Brian Fikkert is the Founder and President of the Chalmers Center for Economic Development as well as the co-author of the well known book When Helping Hurts. From an early age, Brian felt called to work in the area of poverty. Despite his formal training in economics, he felt early on that the prevailing understanding of poverty left much lacking. On one hand, economists tended to define people as entirely physical. On the other hand, the church tended to define people as purely spiritual. But the more Brian was exposed to the poor, the more he came to see poverty as a complicated blend of the two. 

Brian founded the Chalmers Center at Covenant College to guide the Church in its response to poverty. Their initial work with microfinance and local savings unions worldwide has gone on to large scale operations with organizations like Hope International and Five Talents. And their work in the U.S. has expanded to include jobs preparedness, welfare training, and financial literacy. A number of years ago, Brian and the Chalmers Center published the well known book When Helping Hurts, which has become a cornerstone on the core principles of poverty alleviation.

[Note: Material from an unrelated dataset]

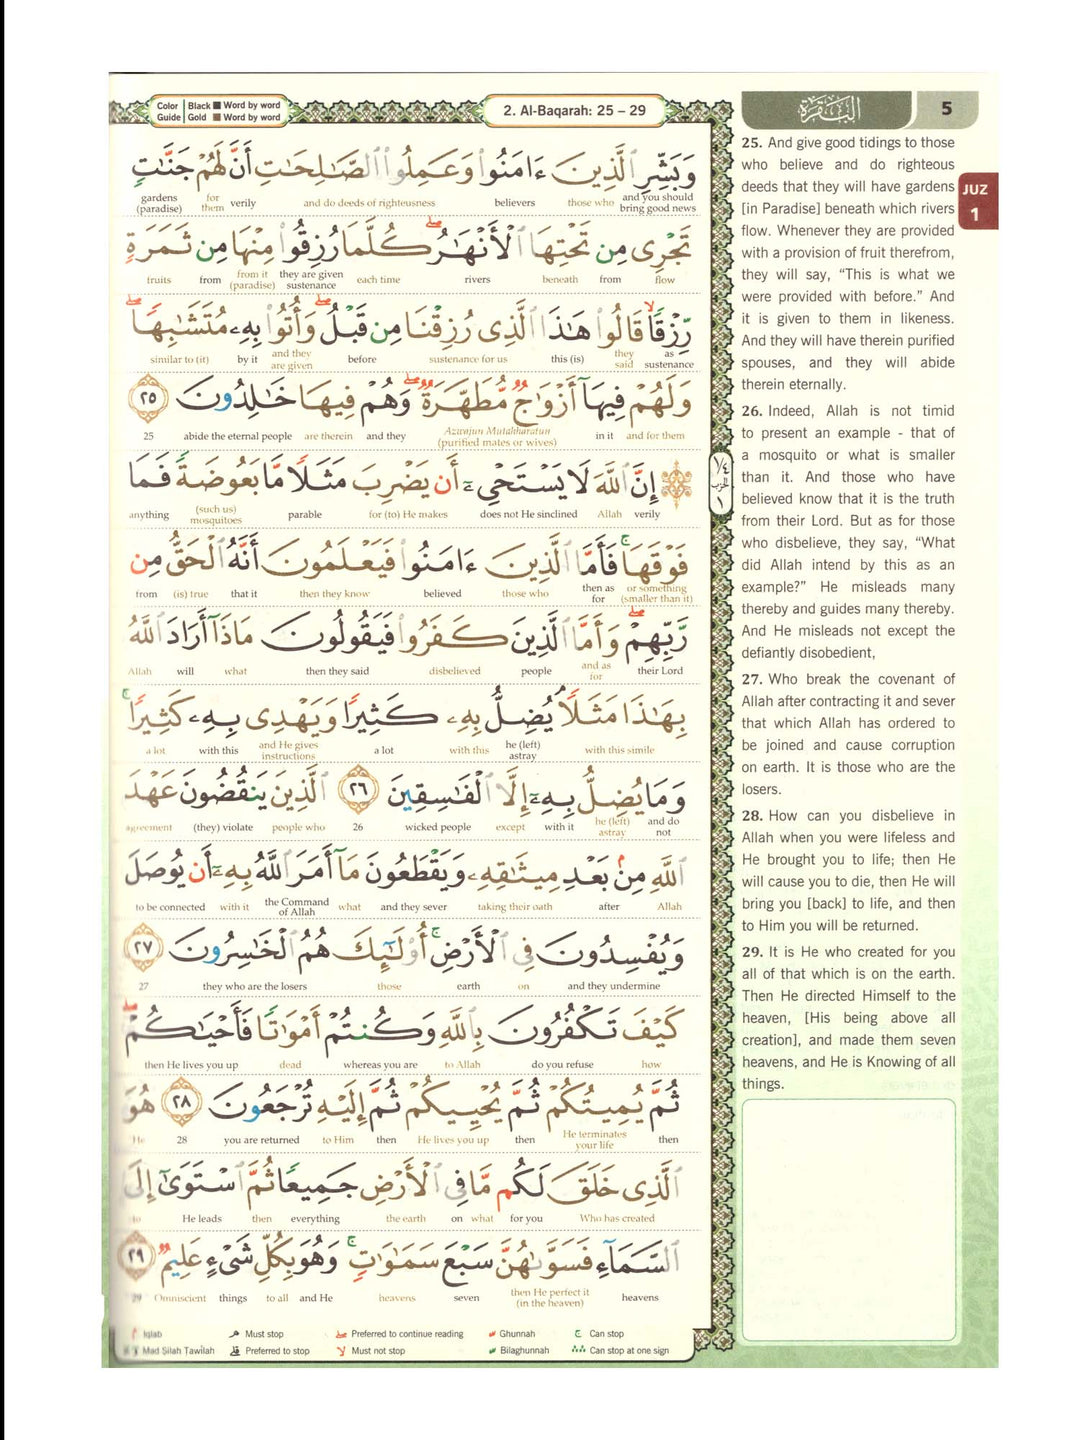 Al Quran Al Karim - Word By Word Translation - A5 Small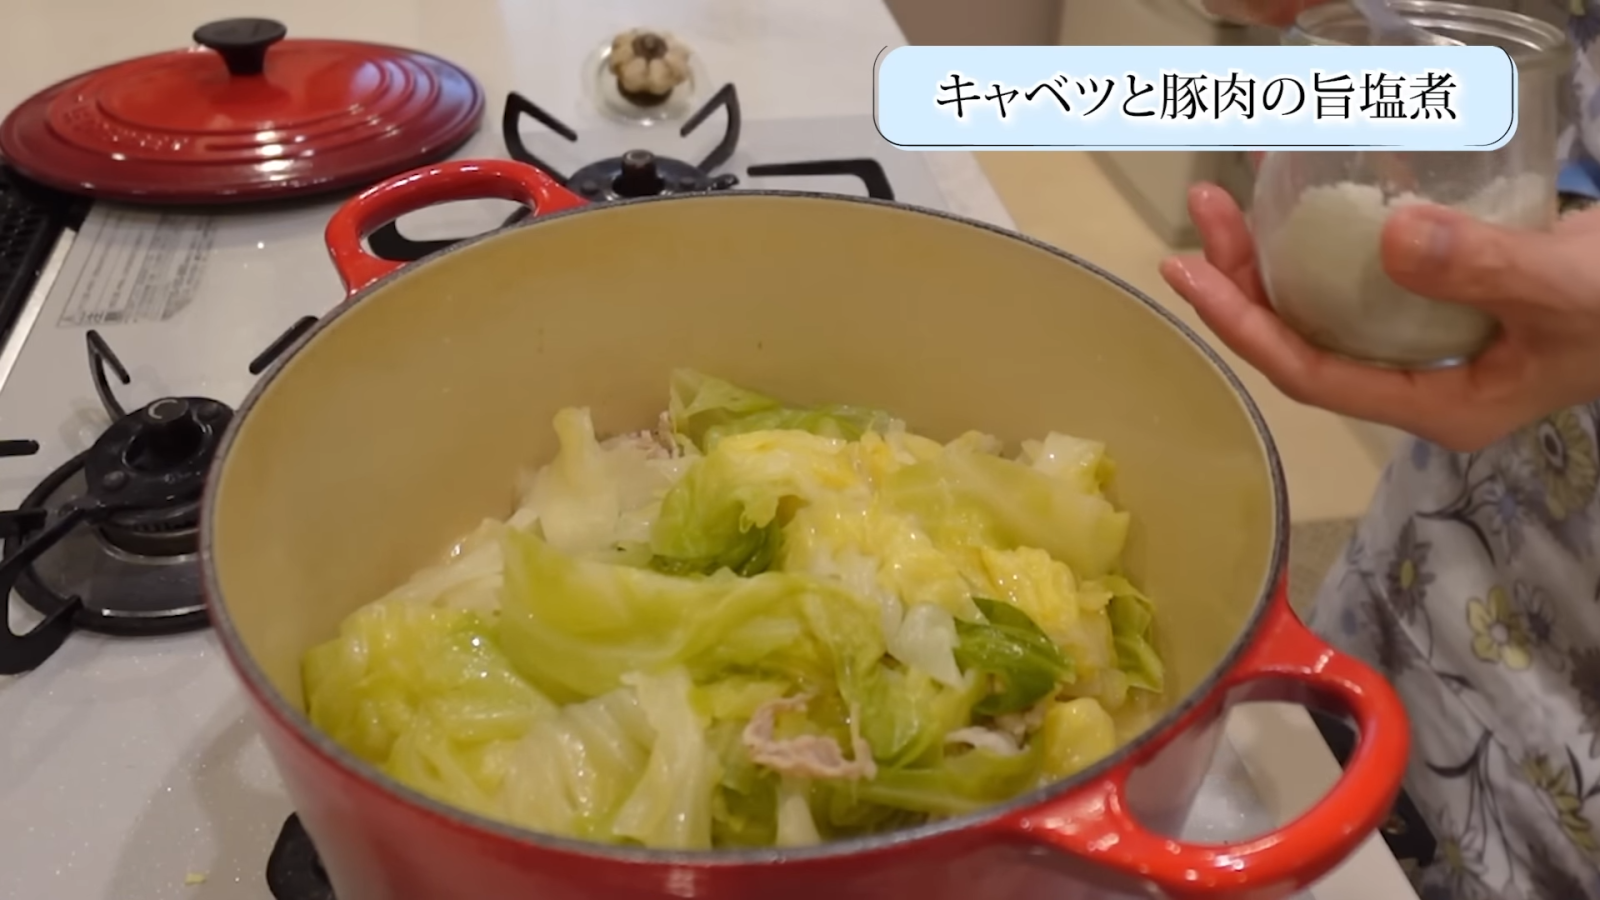 鍋にあるキャベツと豚肉を菜箸で混ぜ合わせる女性

Brian had a wealth of wisdom to share on topics like knowing when to provide relief, rehabilitation, and development as well as how to flip from a needs-based approach to an assets-based approach. He also had some insightful thoughts on the ways that donors and nonprofits interact with each other and how we as givers can most wisely steward the dollars given to us. Listen now to hear all Brian had to share!

Quotes to Remember

  • “We tend to define poverty as a lack of physical things, hence our solutions tend towards providing physical things”
  • “The poor tend to describe their condition in far more psychological and social terms.”
  • “If you can actually get people working again, it has it’s own therapeutic effect.”
  • “Most poor people in the world are not in a crisis, they are actually in a chronic condition.”
  • There is a place for bringing in outside resources when the local resources are inadequate, but those outside resources should only be brought in when they compliment the internal resources rather than crush them.”
  • “I think financial supporters have one of the most difficult jobs in the whole world.”
  • “We’ve got to start moving into how God really works in the world, and most of us aren’t functioning out of that very well.”
  • “We are functioning out of a theory of change that is more reflective of a Western individualism than of a proper understanding of what a human being is.”
  • “There’s a better story for the poor, and there’s a better story for us, than the story of the American Dream of highly individualistic, highly self-centered, highly materialistic existence.”
  • “God has wired us to be priest-rulers to extend his reign and his worship from the Garden of Eden throughout all of creation. “
  • “Every nonprofit is terrified of their financial resource partners.”

Links from the Show

Bible References from the Show

1 Peter 2:9 | The Royal Priesthood

9 But you are a chosen race, a royal priesthood, a holy nation, a people for his own possession, that you may proclaim the excellencies of him who called you out of darkness into his marvelous light. Revelation 5:10 | Kings and Rulers 10 and you have made them a kingdom and priests to our God, and they shall reign on the earth.